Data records
+ + + + +

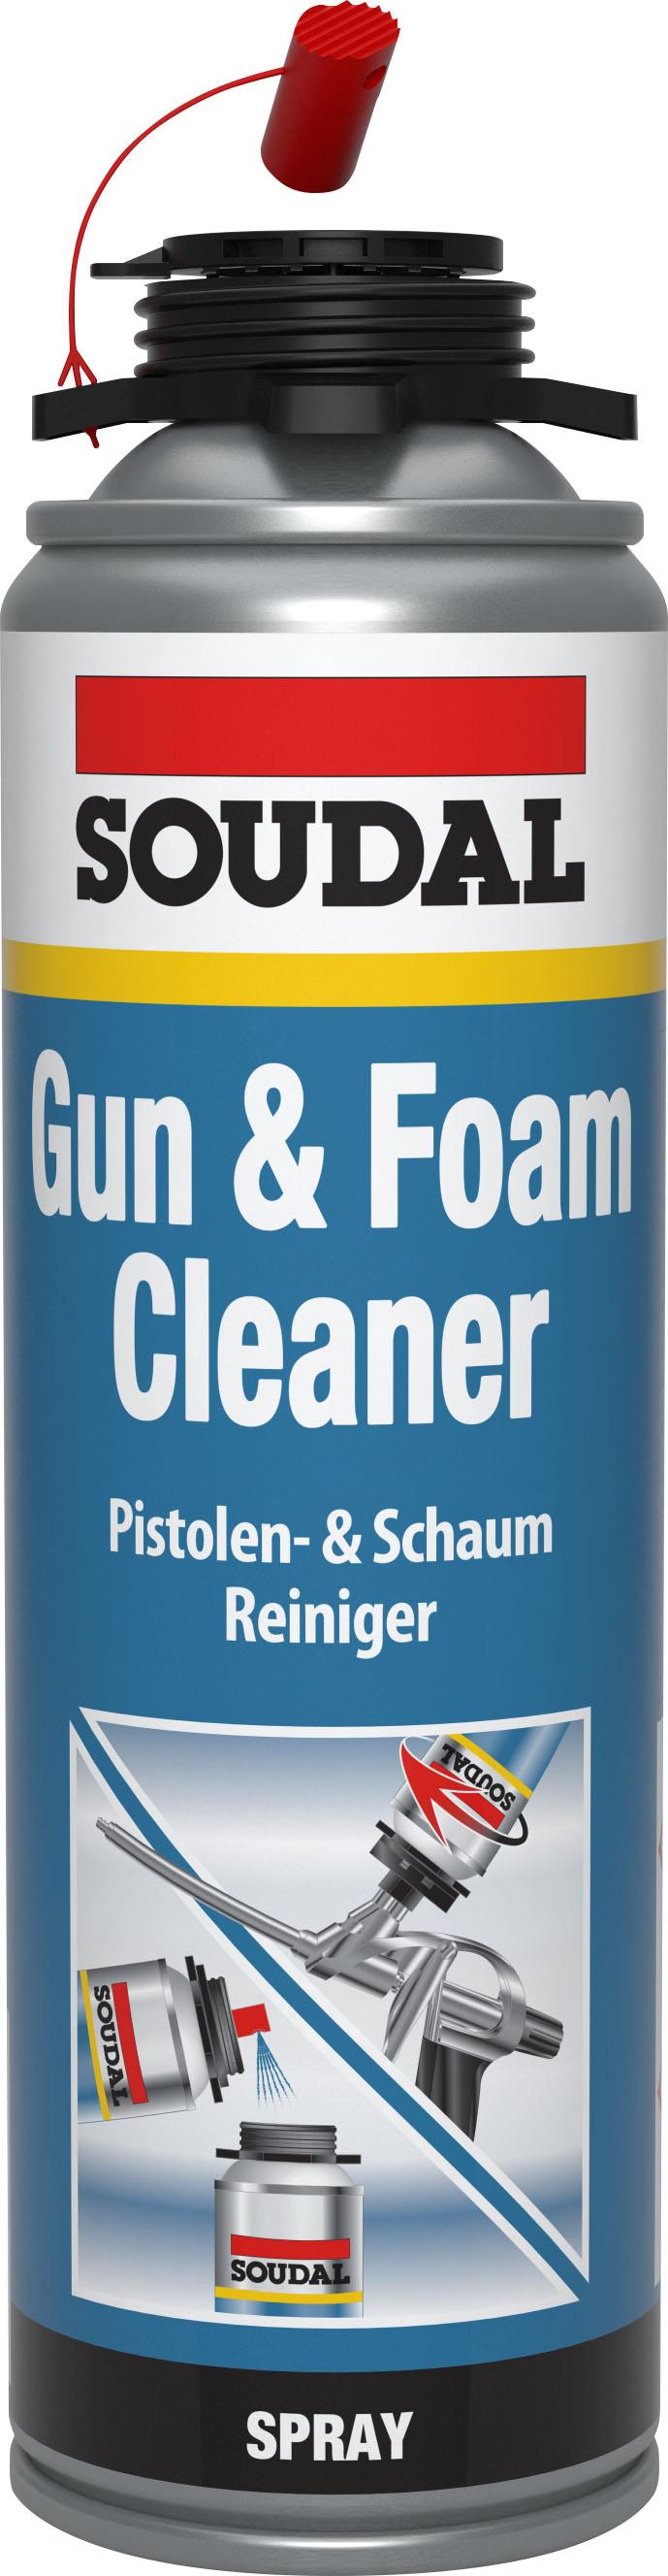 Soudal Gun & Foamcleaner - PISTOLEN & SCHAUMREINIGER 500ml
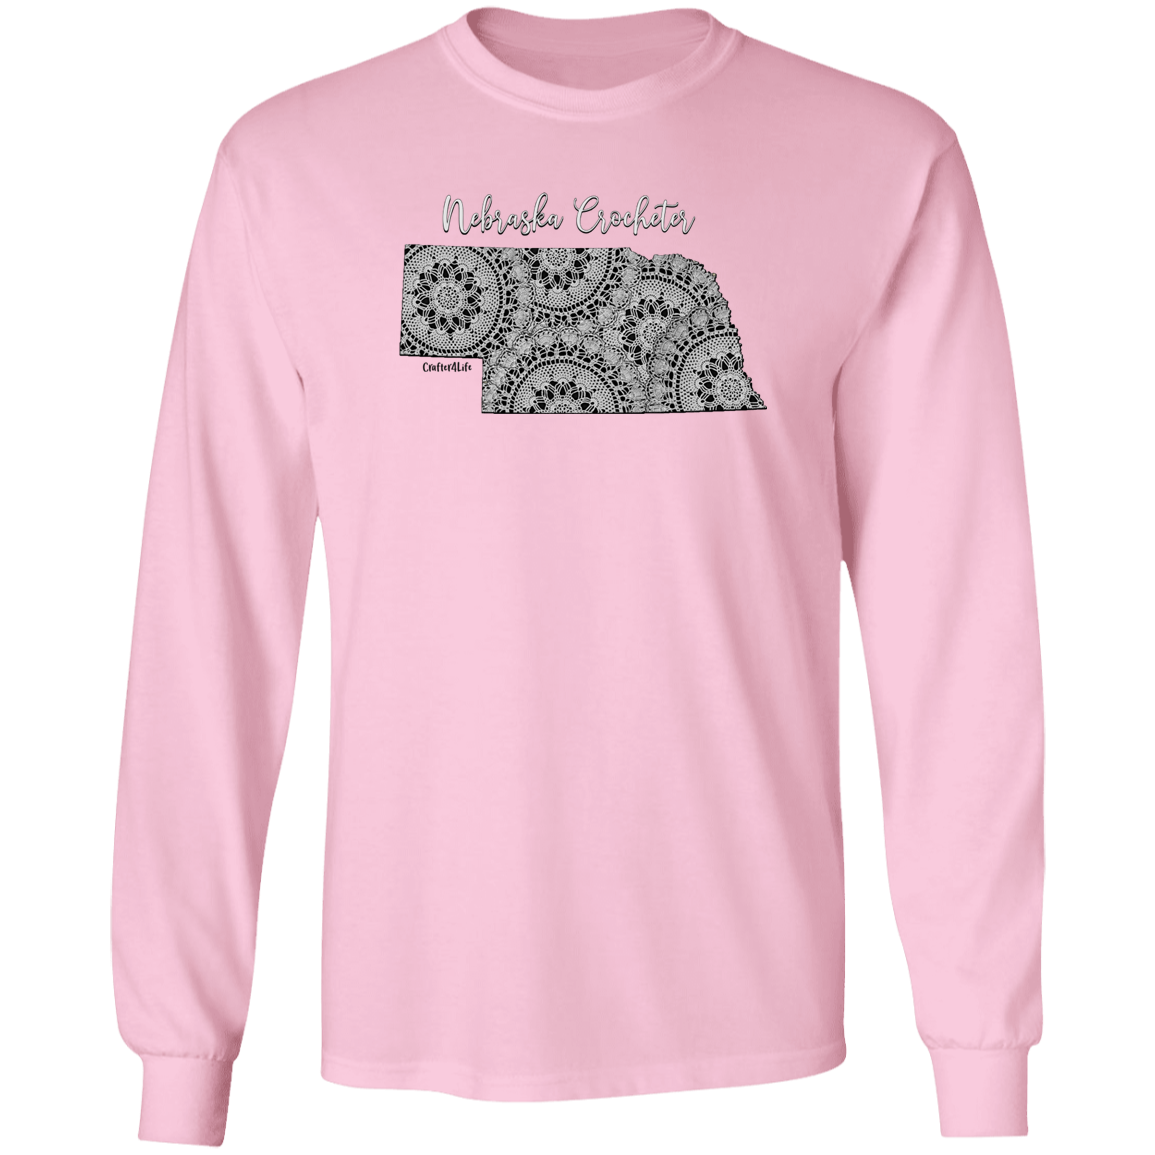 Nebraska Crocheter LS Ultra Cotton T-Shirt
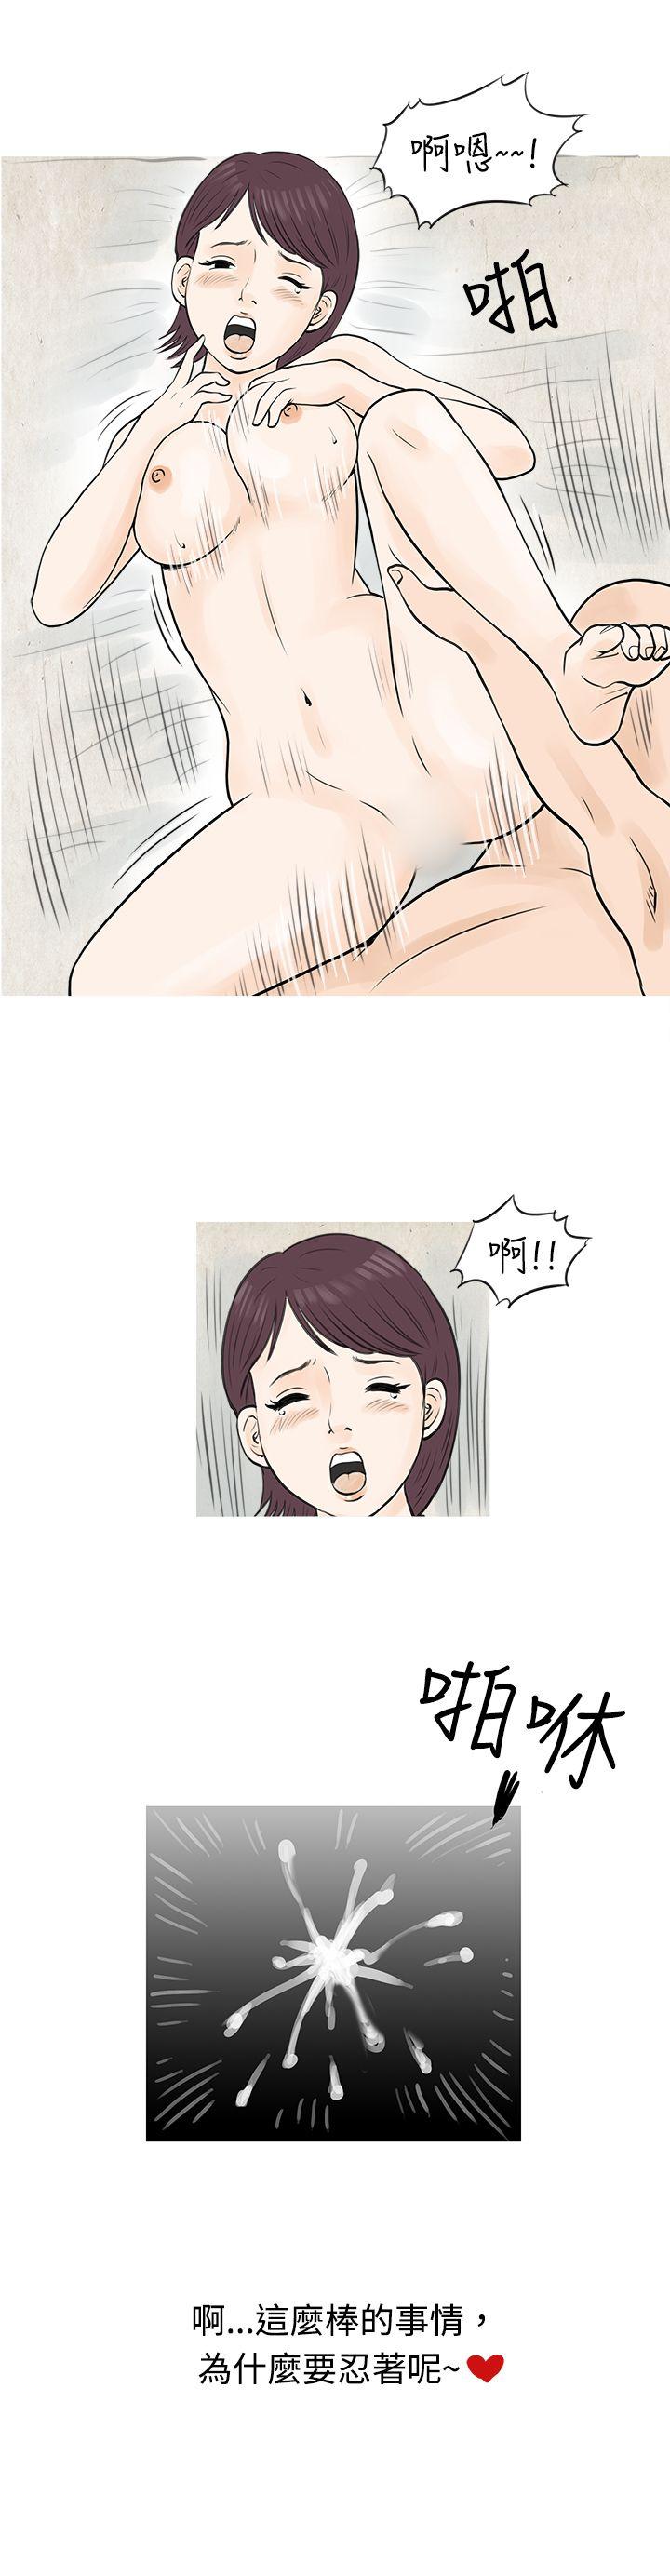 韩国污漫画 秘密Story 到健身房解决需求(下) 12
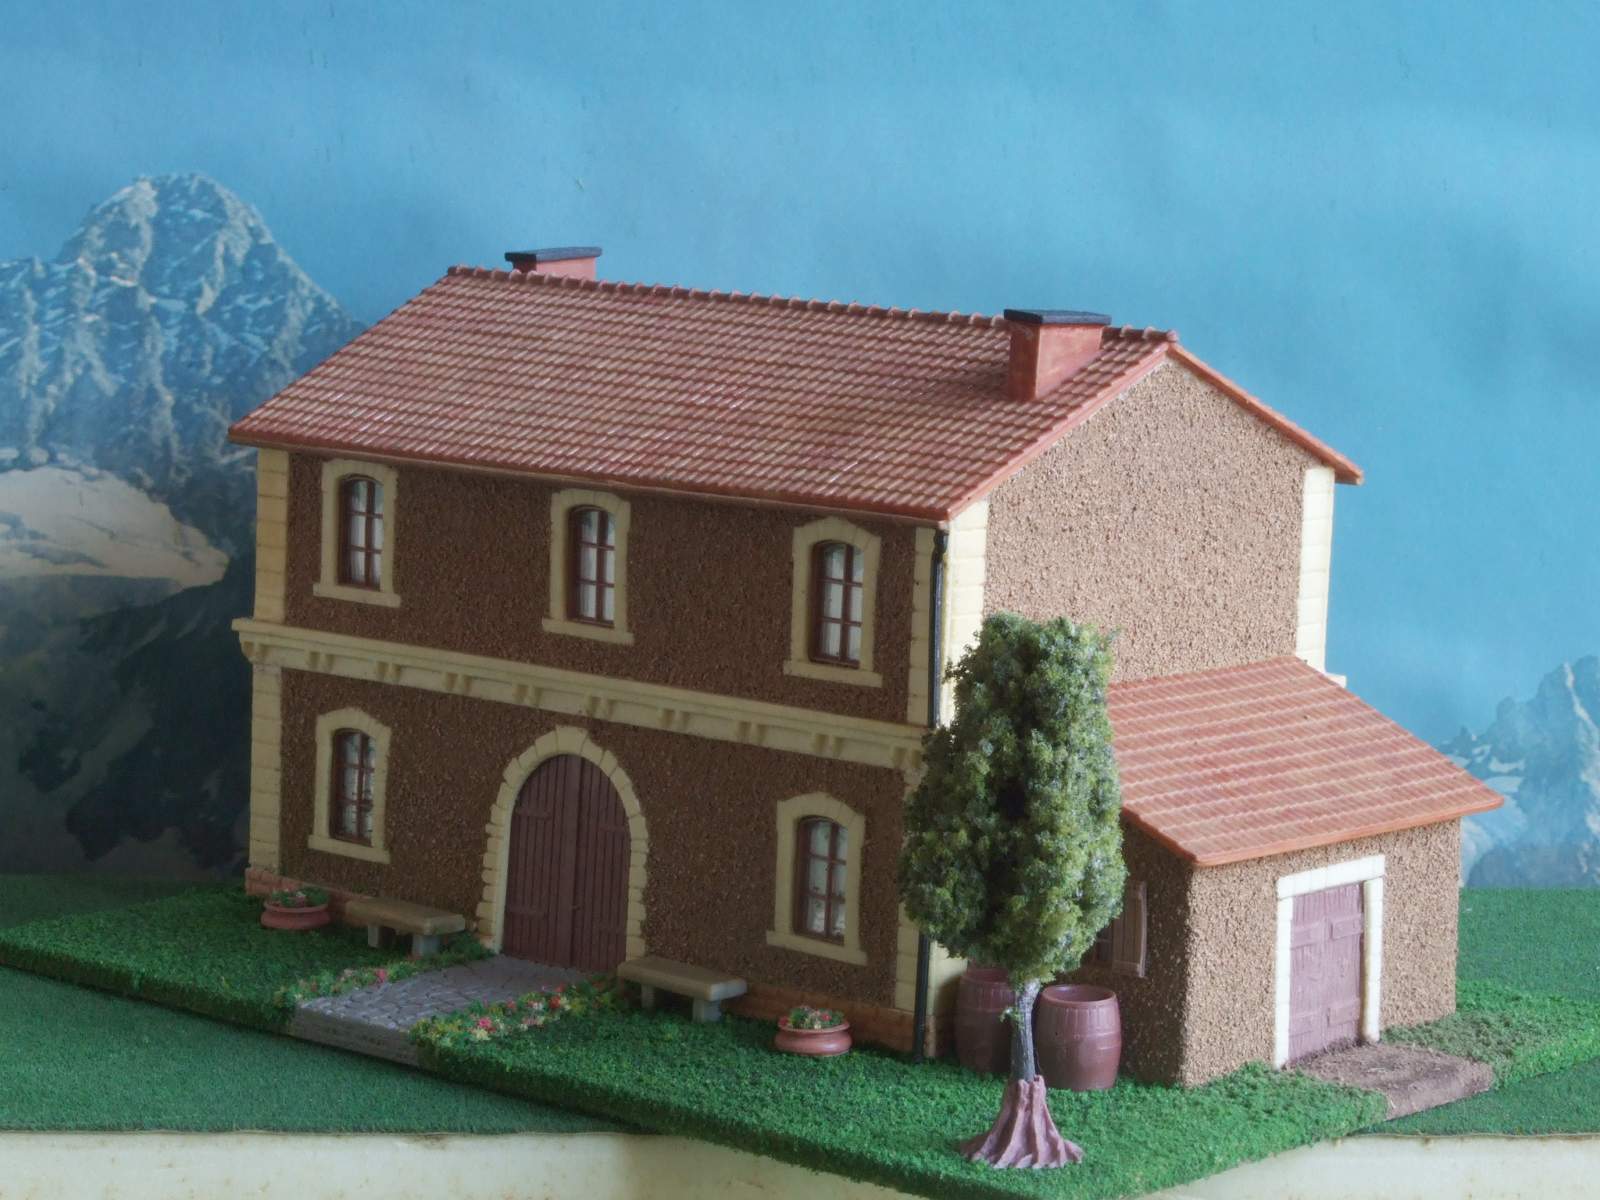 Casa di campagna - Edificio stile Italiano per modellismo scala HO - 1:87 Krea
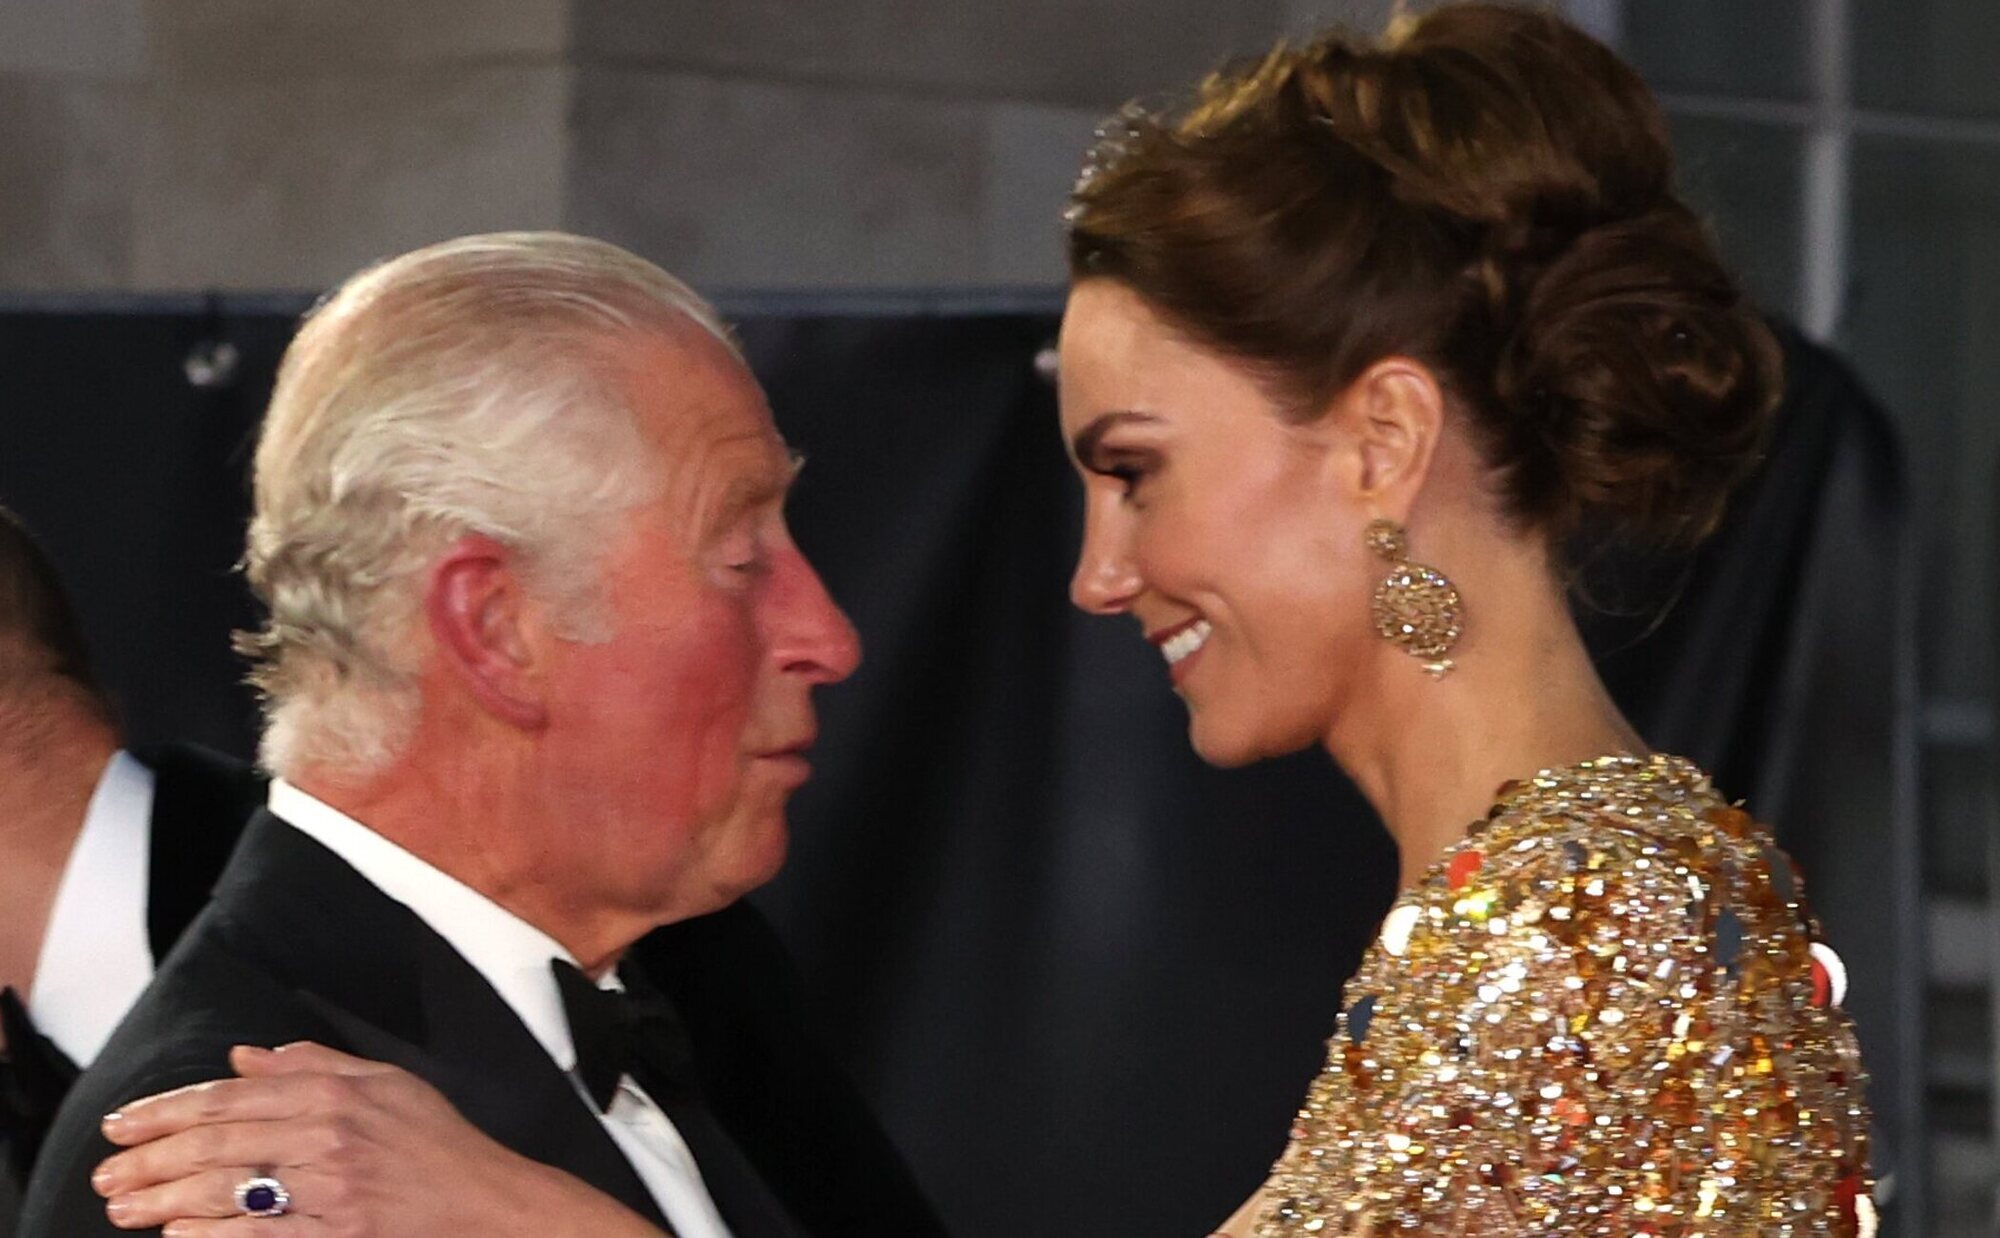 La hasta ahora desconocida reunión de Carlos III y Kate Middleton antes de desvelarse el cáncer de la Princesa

+ + + + +

## [TASK GOAL]
Each record above is to be restated exactly, with its pictures removed from the copy.

## [SOLUTION TO THIS TASK]
 Soudal Gun & Foamcleaner - PISTOLEN & SCHAUMREINIGER 500ml
 Nebraska Crocheter LS Ultra Cotton T-Shirt
 韩国污漫画 秘密Story 到健身房解决需求(下) 12
 Casa di campagna - Edificio stile Italiano per modellismo scala HO - 1:87 Krea
 La hasta ahora desconocida reunión de Carlos III y Kate Middleton antes de desvelarse el cáncer de la Princesa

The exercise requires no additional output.